THE FIRST SWEEP
(EINSATZGRUPPEN)
Other than the Telechan Memorial Book I have found no references to Telechan and the tragic events that occurred there during World War II. The path of Nazi destruction is well documented and the town of Telechan sat along the pathway.
The German invasion of the USSR known as Operation Barbarossa began June 22, 1941. Within a week Minsk fell to Germans forces that were greeted with bread and salt by the residents whose ancestors had welcomed conquerors many times before. Operation Barbarossa marked a new policy towards the Jews—‘systematic destruction of entire Jewish communities.’ [1] ‘..no town, no village, no hamlet was spared the search for Jews to be driven out of their houses, stripped, driven with guns and whips to the pits and shot.’ [2]
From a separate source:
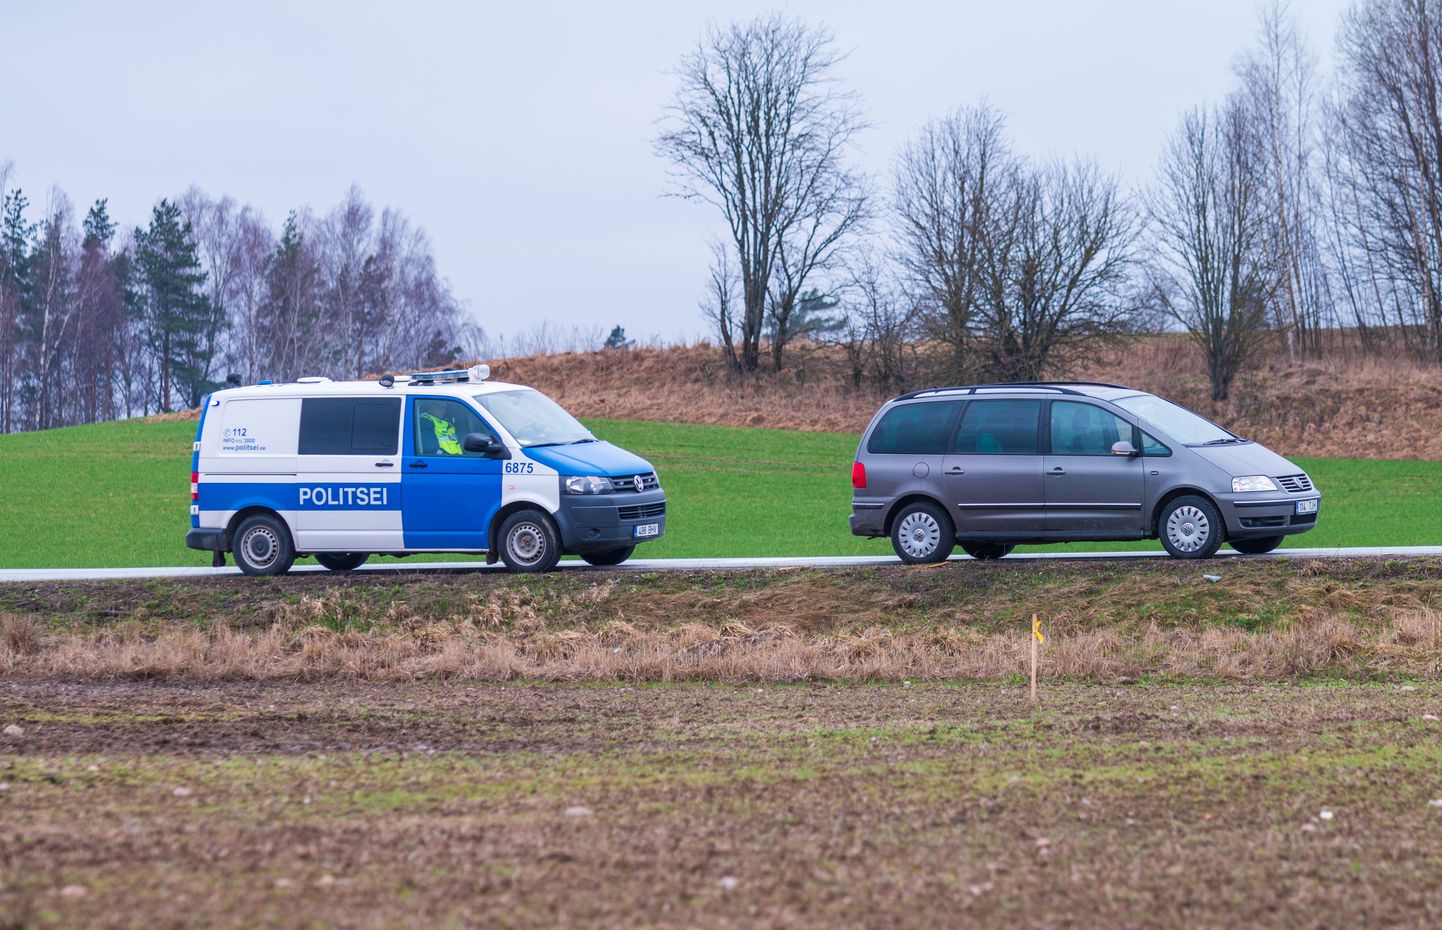 Politsei teeb tööd Osula teeristis Võrumaal.

Foto: Arvo Meeks / Lõuna-Eesti Postimees

As the German armies moved eastward they were followed by designated SS detachments known as Einsatzgruppen (task forces). “The Einsatzgruppen were special mobile formations charged with carrying out liquidations of communist officials, partisans, saboteurs, and Jews on the eastern front.”[3] They were responsible for the deaths of two million of the six million Jews killed.
Einsatzgruppen B, one of four such groups, followed the tanks of the Panzer units through Belarus. The Einsatzgruppen would then split up into smaller mobile killing squads known as Einsatzkommardos who had developed standard killing routines. Their job was to methodically exterminate Jews. They were very good at their work.
"Jews were rounded up, shot on the spot, and dumped into common graves. Extermination squads spread over the country, inciting the native masses to initiate pogroms and ‘spontaneous massacres.' Jews were forced to assemble their brethren. They were then herded into trucks and freight cars, taken outside the town to some ravine or ditch, stripped of valuables and even clothing, and then-men, women, and children-shot. The countryside became one immense graveyard, the ground drenched with the blood of innumerable anonymous corpses.[4]
The killing was continuous, non-stop. This 1941 action became known as "the first sweep," and sweep it did.
"The geographic distribution of Soviet Jewry determined to a large extent the basic strategy of the mobile killing units. To reach as many cities as fast as possible, the Einsatzgruppen moved closely on the heels of the advancing armies, trapping the large Jewish population centers before the victims had a chance to discover their fate."
"With every day of the German advance into Russia, tens of thousands of Jews found themselves trapped behind the German lines. So rapid was the advance that no one could outrun it."[5]
"As the Einsatzkimmando units advanced, several hundred Jewish communities, mostly those in villages and small towns, were destroyed completely."[6]
Telechan was just one of those places.